The second question is the "when", or the date and time of the incident. Thanks to security cameras and traffic monitoring, we are able to pinpoint the exact time when the bridge began to fall (6:05 p.m. on August 1, 2007). Additionally, we capture the "differences". The question of what was different is fundamental in any investigation. At the time of the collapse, it was evening rush hour, and there was roadwork underway on the bridge.
Next is the "where". Where can be defined several ways - the geographical location (Minneapolis, Minnesota), the specific unit (Bridge 9340), or the process (crossing the Mississippi River).
We've now filled out the top half of the Outline (step 1), shown below.
The second part of the outline is the impact to the overall goals. Every organization has goals, which define the ideal state. Obviously, the goals depend on whose perspective the Cause Map is based on. Here we will look at the incident from the perspective of the State of Minnesota. From any perspective, there is an overall goal to have zero injuries. The bridge collapse resulted in 13 deaths and 145 injuries.
A State also generally wants to avoid environmental impacts. It's unclear what the environmental impact of the bridge collapse was, so we'll put a question mark. (It's important to put the question mark so that people who are looking at the outline know that it wasn't inadvertently missed.)
The loss of the bridge represented the loss of a major transportation route for more than 140,000 vehicles a day. This is an impact to both the customer service goal, and the production/schedule goal of the State.
Last, but certainly not least, is the materials and labor cost goal. The loss of the bridge resulted in an additional $400,000 per day in commuting costs. There were 414 days between the bridge collapse and when the replacement bridge was opened on September 18, 2008, resulting in a total of over $165 million. The estimated loss to the economy was $60 million. Finally, the cost to replace the bridge was $234 million, for a grand total of almost half a billion dollars.
The last piece of information we want to record is the frequency of the incident. Catastrophic interstate bridge failures in Minnesota are not frequent. (Keep in mind we're doing this from the perspective of Minnesota, so we don't have to worry about the frequency of all bridge collapses, just the ones that affect Minnesota directly.)
Our outline is now complete.
Step 2. Conduct the analysis
During the analysis step, we break the incident down into causes which are captured on the Cause Map. The Cause Map starts by writing down the goals that were affected as defined in the problem outline. For the I-35 bridge collapse, we'll begin with the impacts to the safety goal. The safety goal was impacted because 13 people were killed and 145 people were injured. These are the first cause-and-effect relationships on our Cause Map.

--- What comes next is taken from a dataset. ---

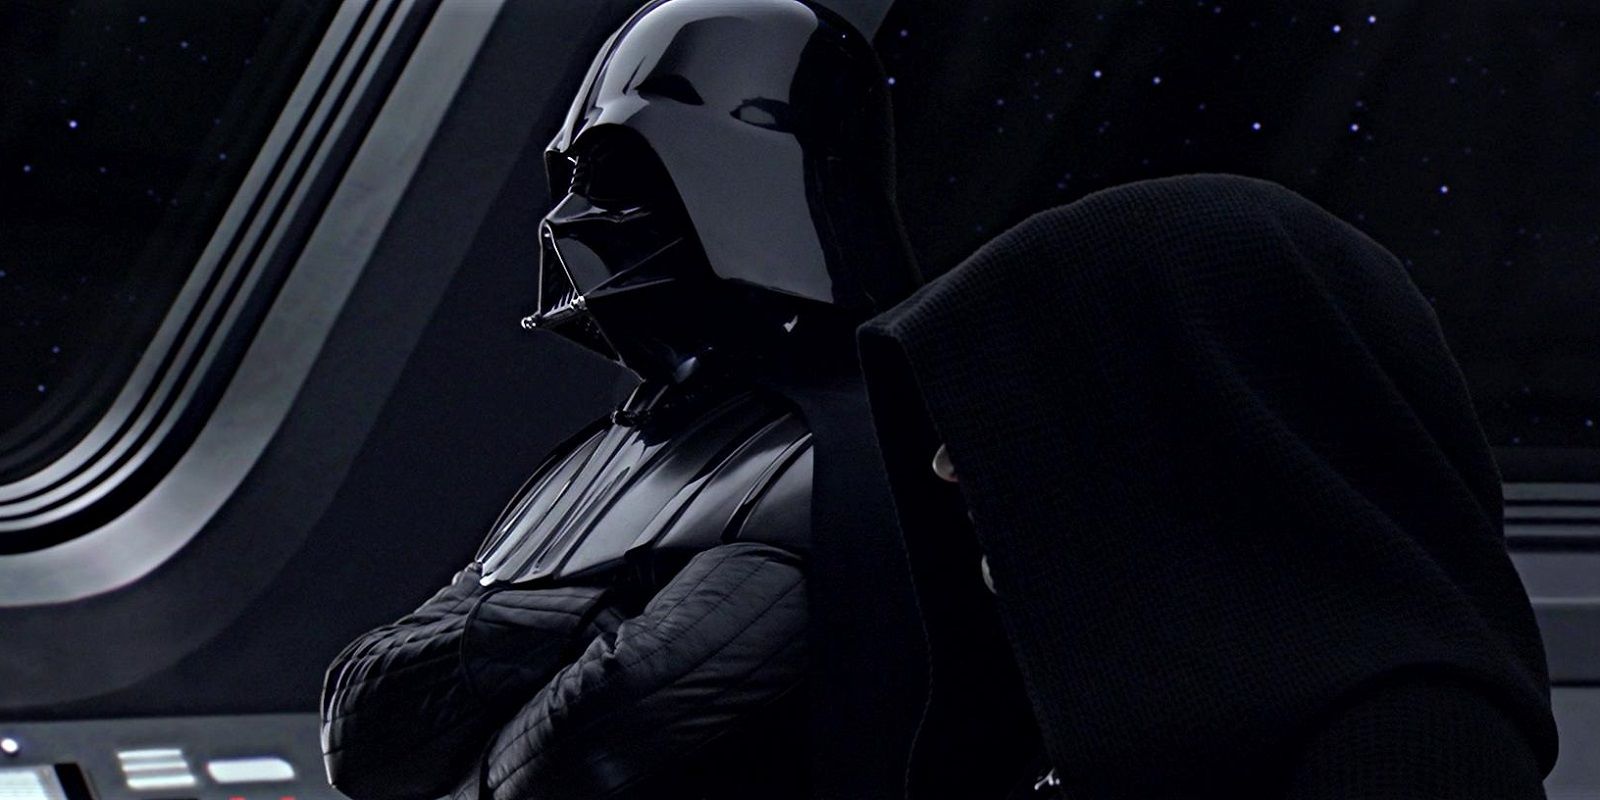 Darth Vader and Darth Sidious in Star Wars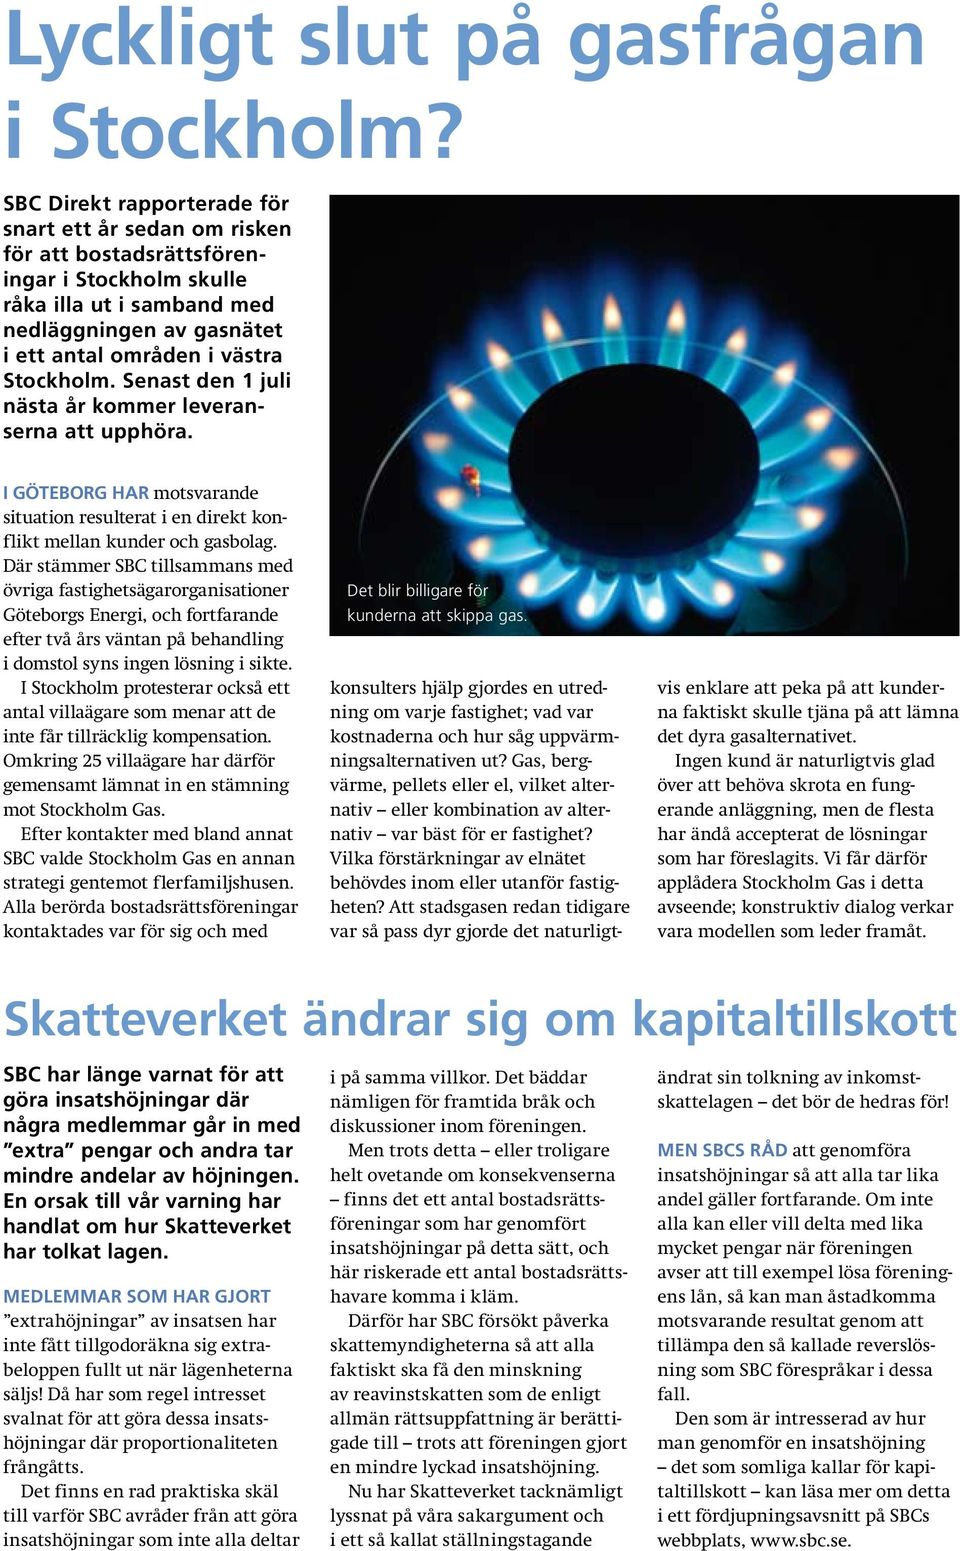 Där stämmer SBC tillsammans med övriga fastighetsägarorganisationer Göteborgs Energi, och fortfarande efter två års väntan på behandling i domstol syns ingen lösning i sikte.

We continue the analysis by asking Why questions and moving to the right of either of the cause-and-effect relationships above. In this example we’ll start with the loss of 13 lives which was caused by the collapse of the main span of the bridge.
A simple way to create a high level Cause Map is to continue the map linearly by asking "Why" five times. This is known as the "Five Whys" technique. For example, the main span of the bridge collapsed . . .Why? Because of the fracture of the gusset plate*. Why? The insufficient load capacity of the gusset plate. Why? The necessary calculations were not performed. (*The gusset plate is the riveted metal plate that joins several structural members.)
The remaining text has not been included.